▸ EXERCISE DETAILS: Exact reproduction of every record is required, and pictures are to be excluded.

▸ DATA EXCERPTS:
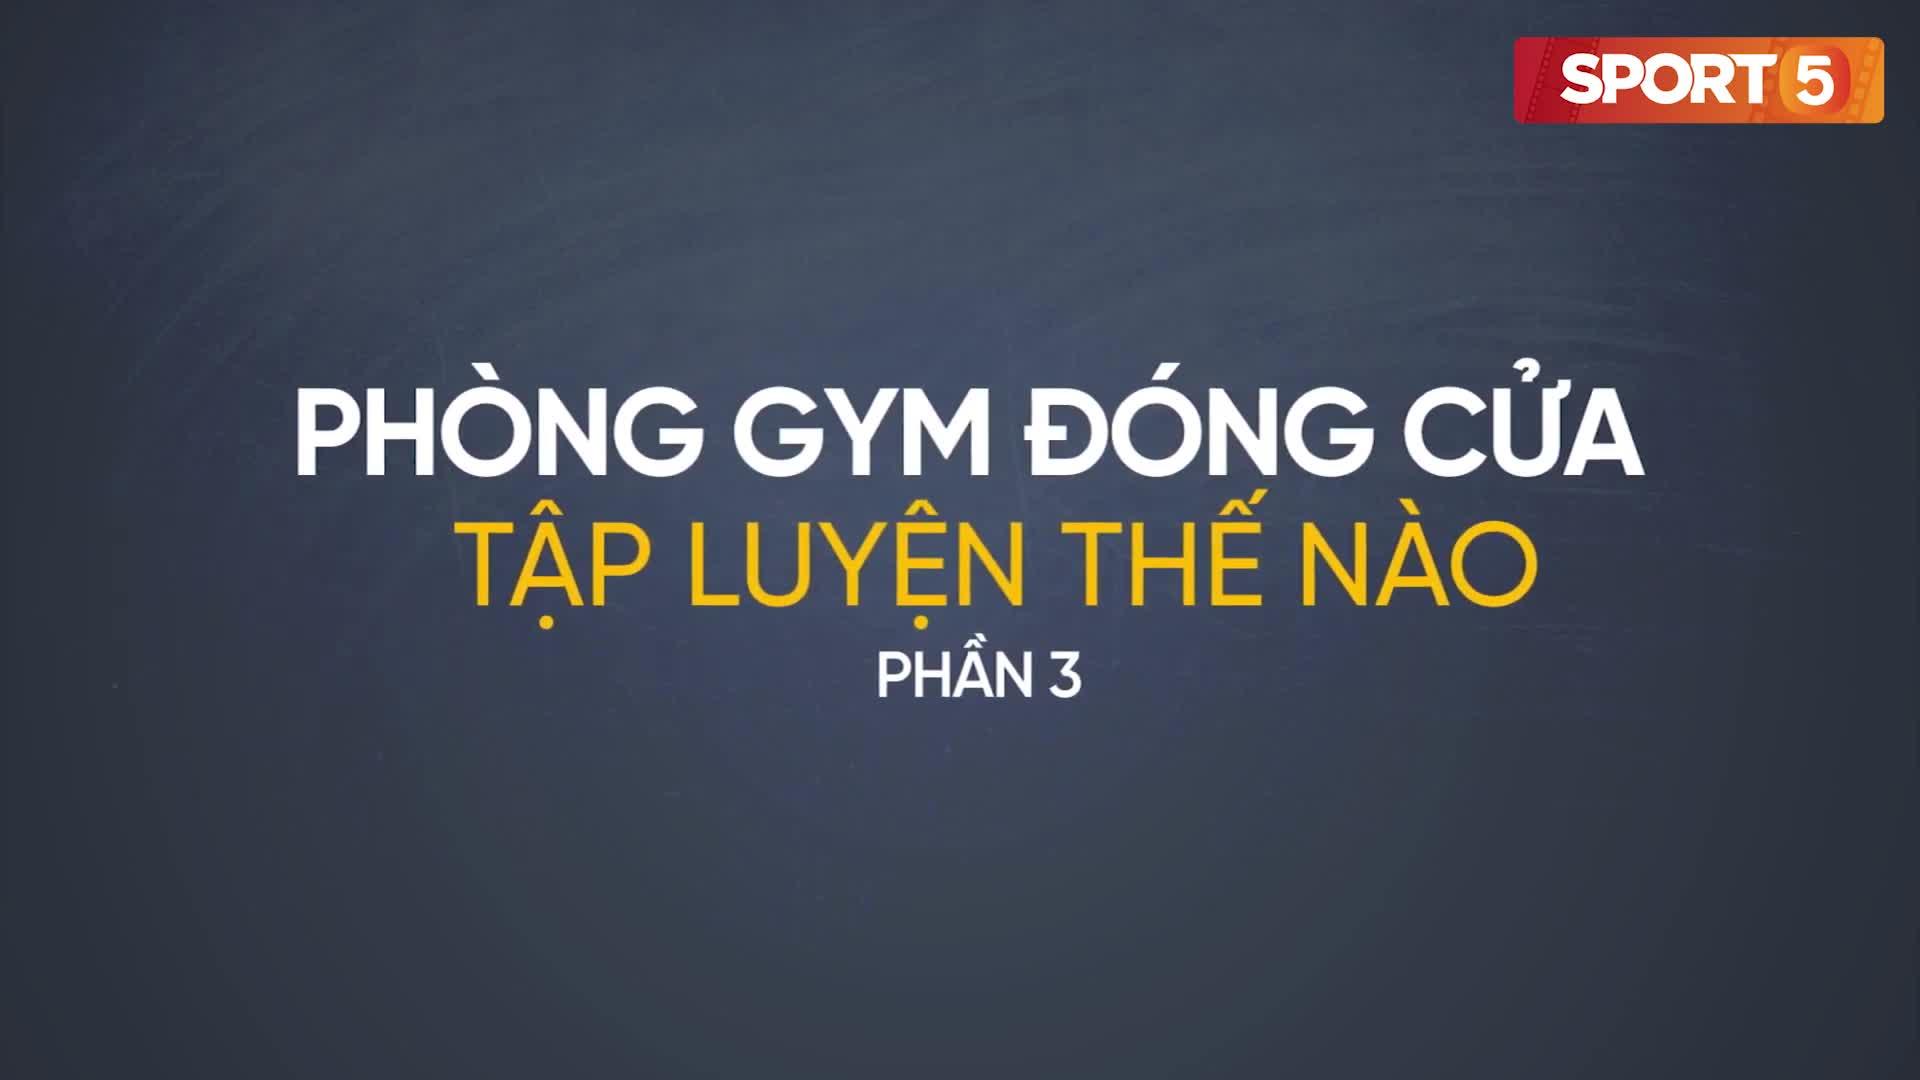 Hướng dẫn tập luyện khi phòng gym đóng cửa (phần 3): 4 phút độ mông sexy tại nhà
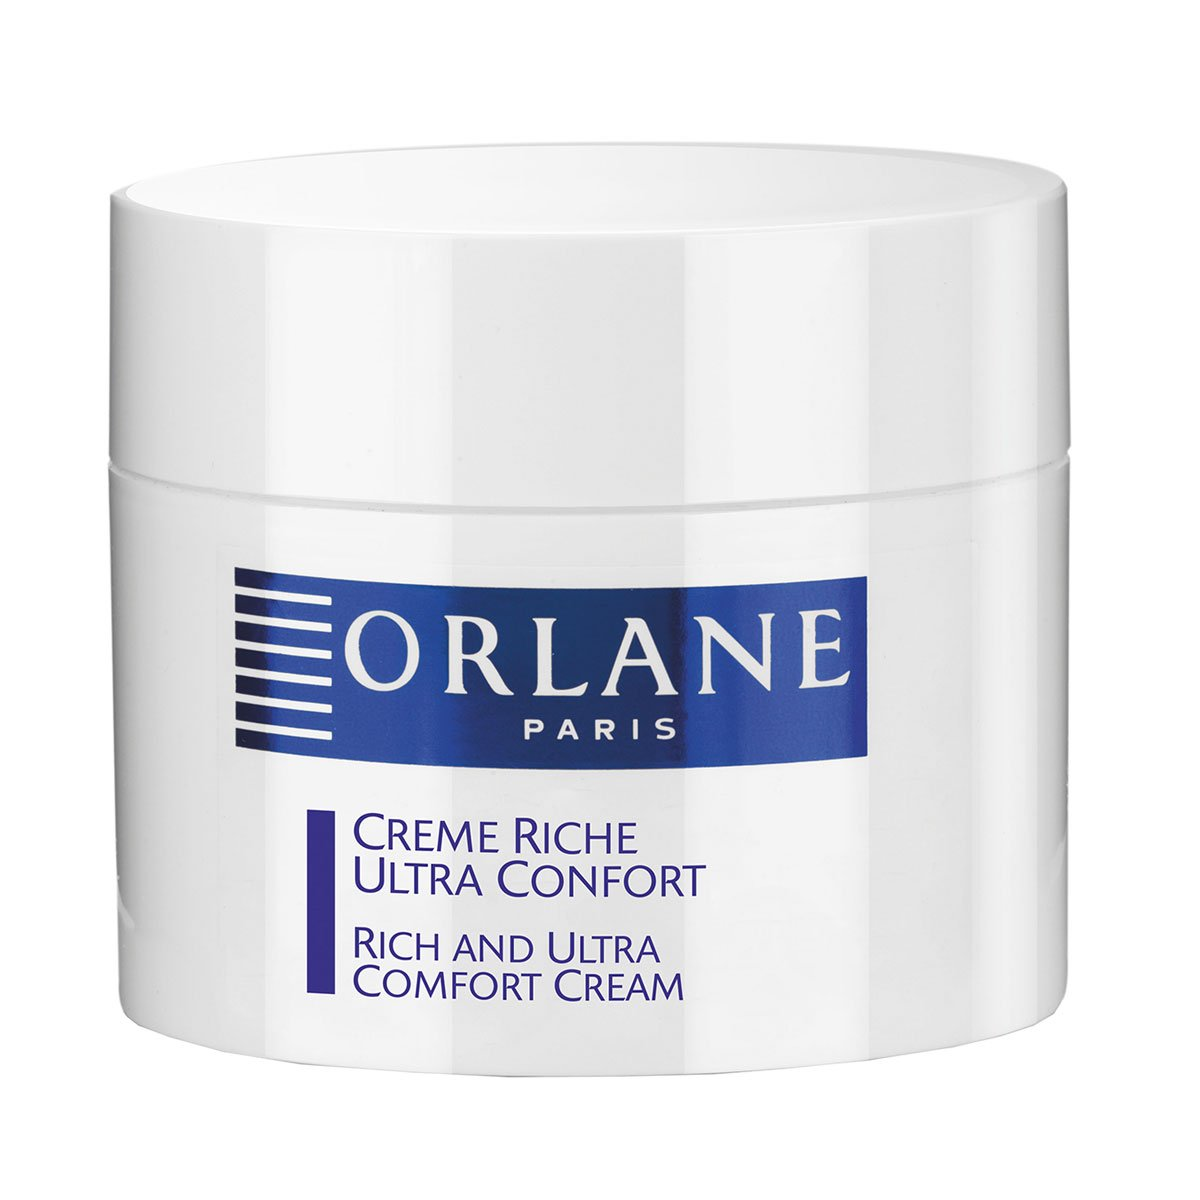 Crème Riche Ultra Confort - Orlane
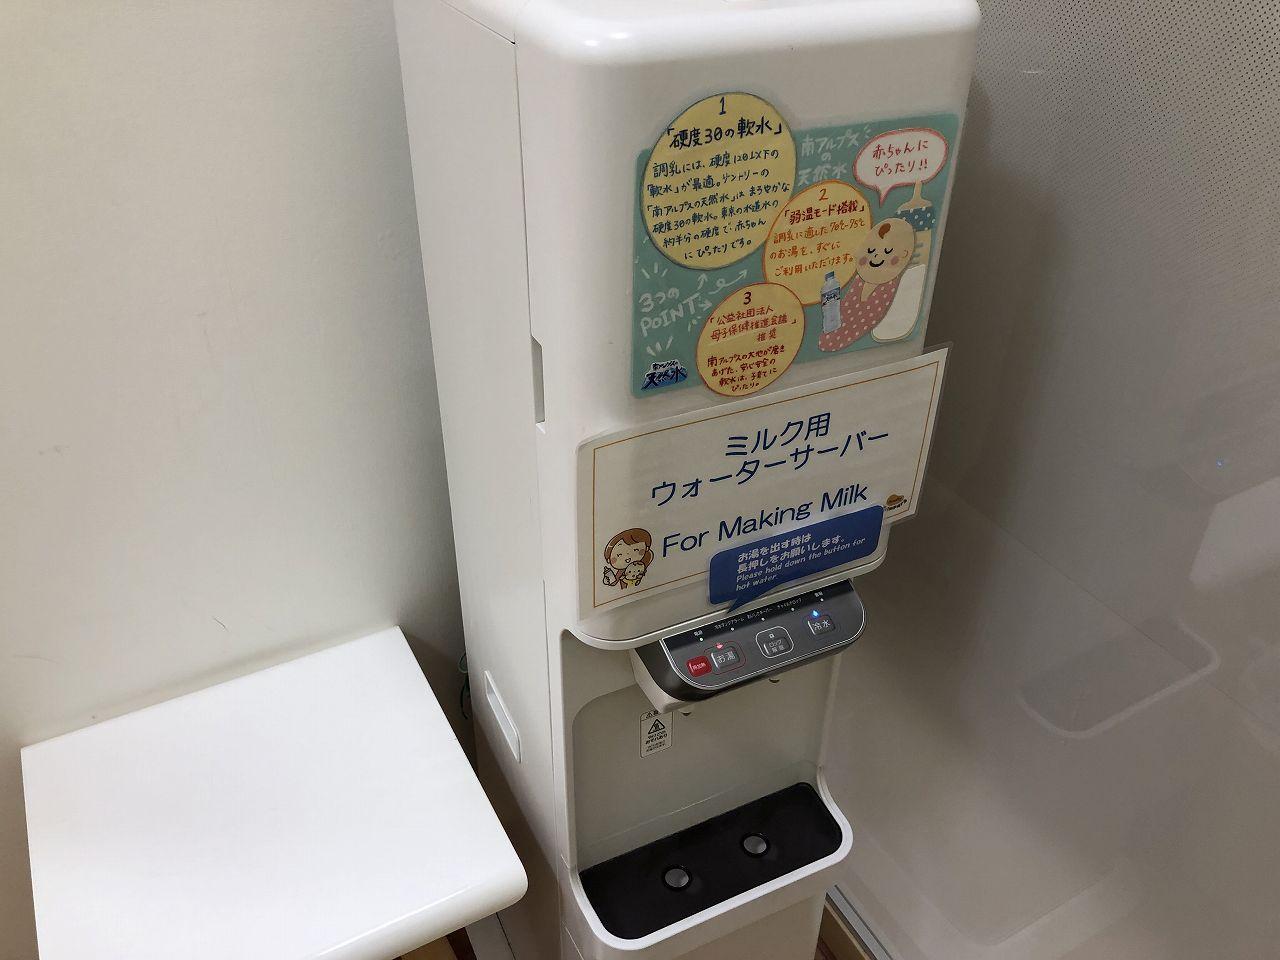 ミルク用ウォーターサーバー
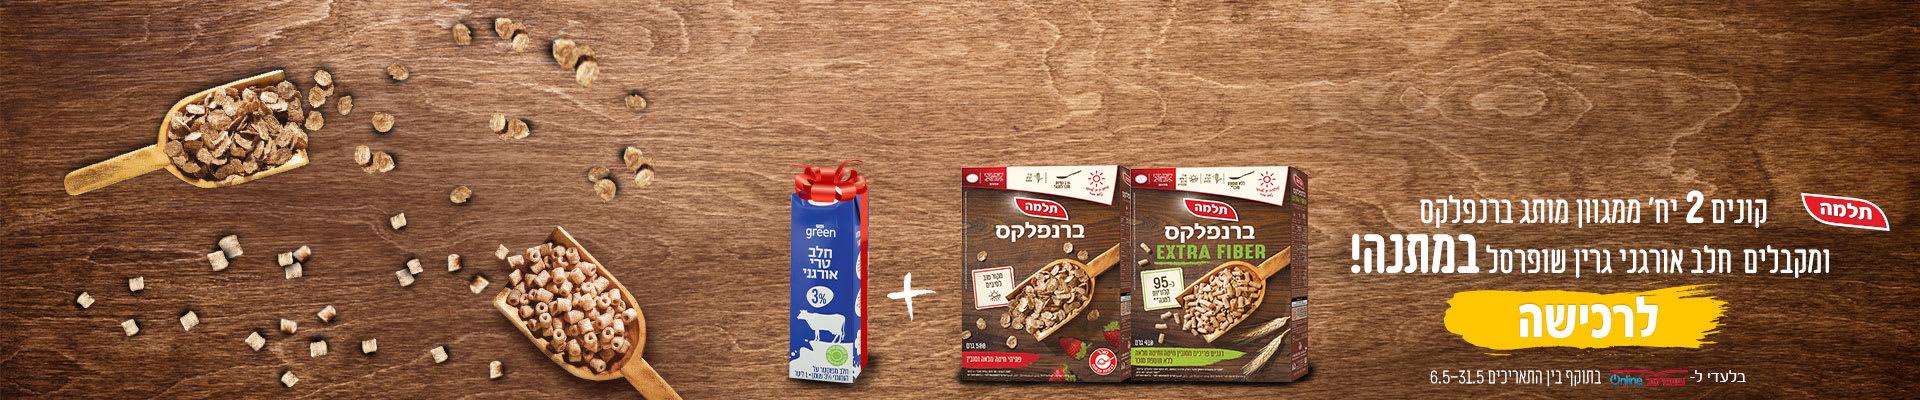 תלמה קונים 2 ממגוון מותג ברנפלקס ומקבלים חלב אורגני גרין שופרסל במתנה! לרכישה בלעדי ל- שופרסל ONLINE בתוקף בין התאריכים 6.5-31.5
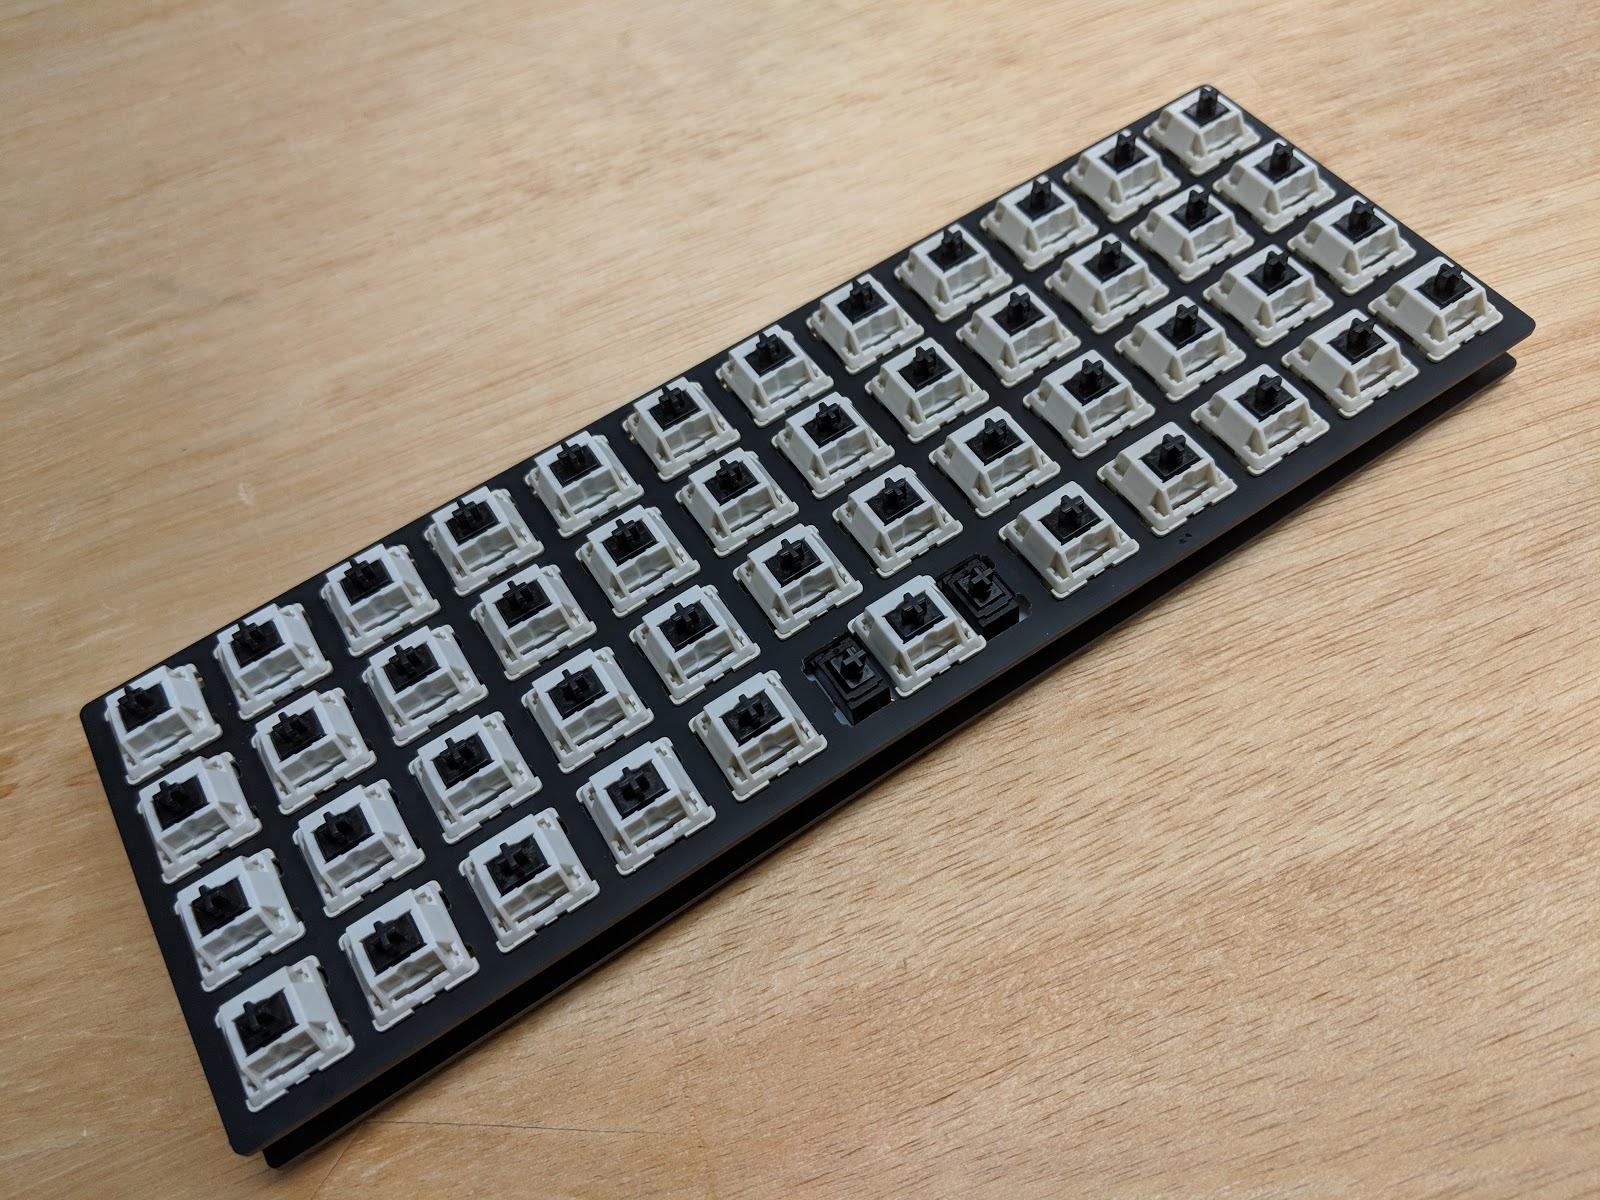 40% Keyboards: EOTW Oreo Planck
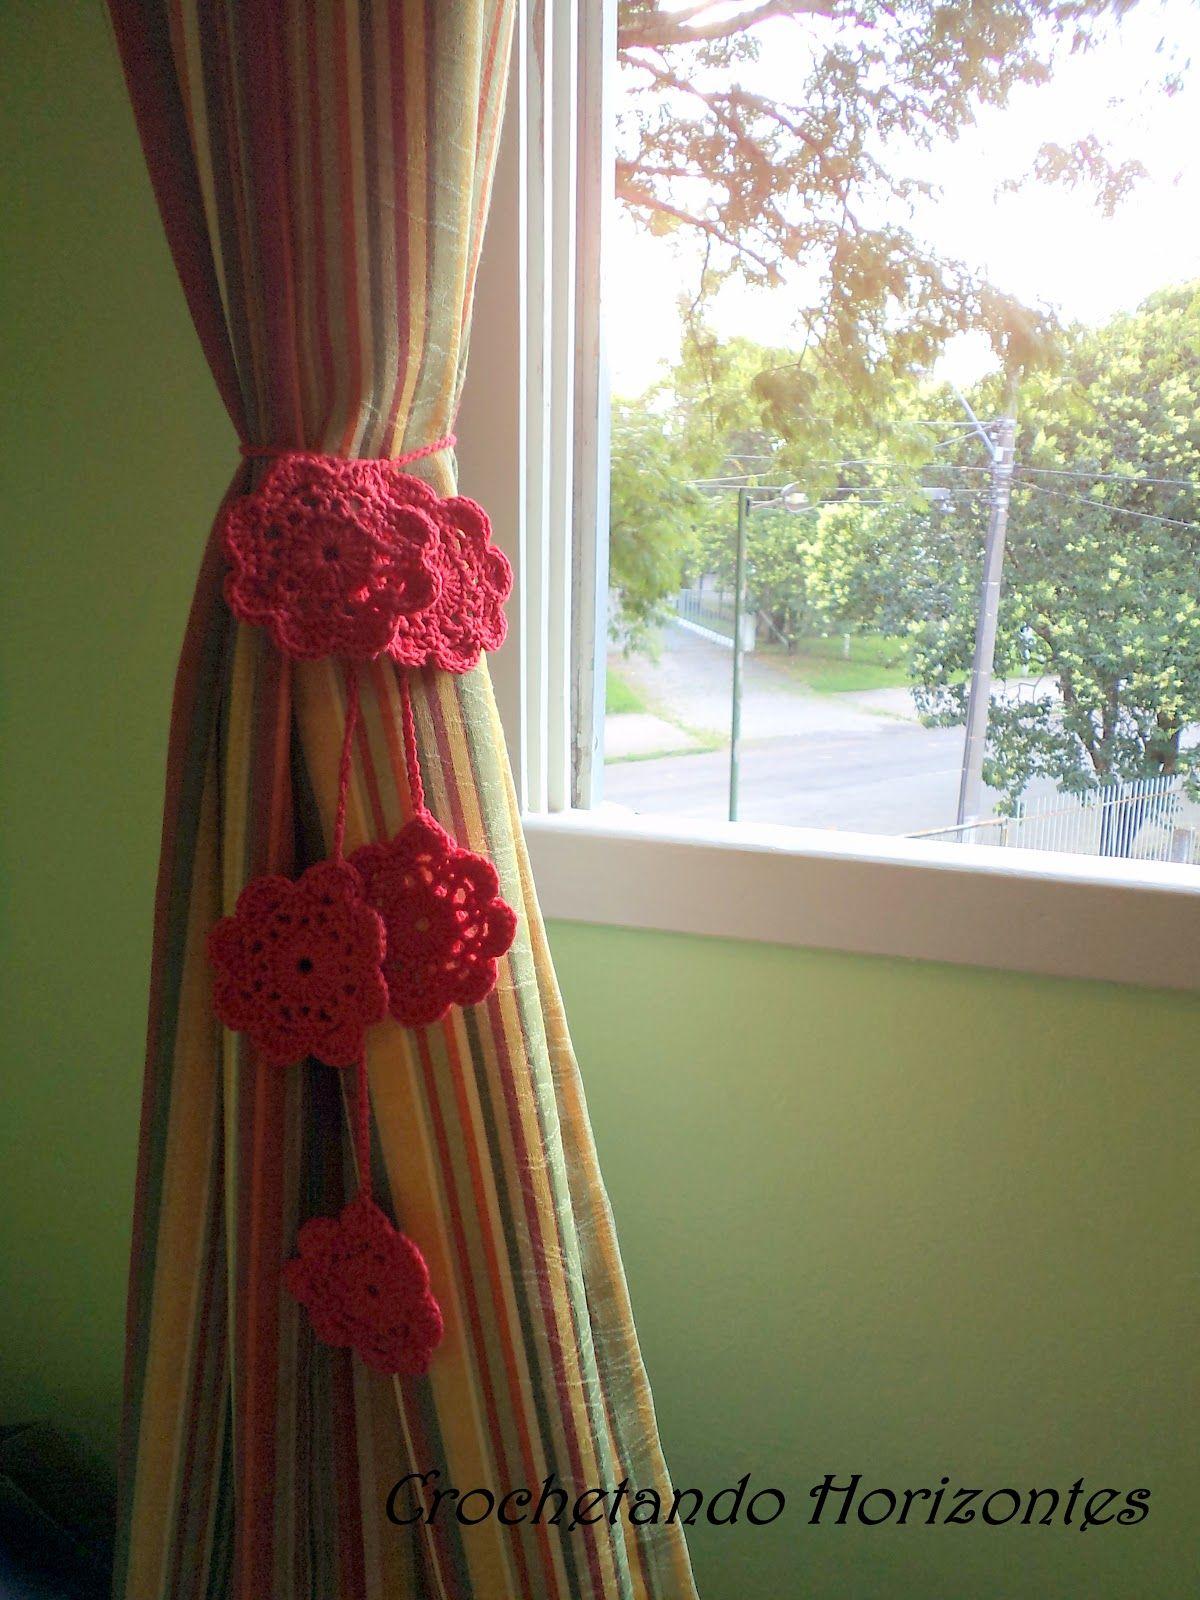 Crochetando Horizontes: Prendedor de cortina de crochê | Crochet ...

▸ SOLUTION BELOW:
 Hướng dẫn tập luyện khi phòng gym đóng cửa (phần 3): 4 phút độ mông sexy tại nhà
 Crème Riche Ultra Confort - Orlane
 ミルク用ウォーターサーバー
 תלמה קונים 2 ממגוון מותג ברנפלקס ומקבלים חלב אורגני גרין שופרסל במתנה! לרכישה בלעדי ל- שופרסל ONLINE בתוקף בין התאריכים 6.5-31.5
 40% Keyboards: EOTW Oreo Planck
 Crochetando Horizontes: Prendedor de cortina de crochê | Crochet ...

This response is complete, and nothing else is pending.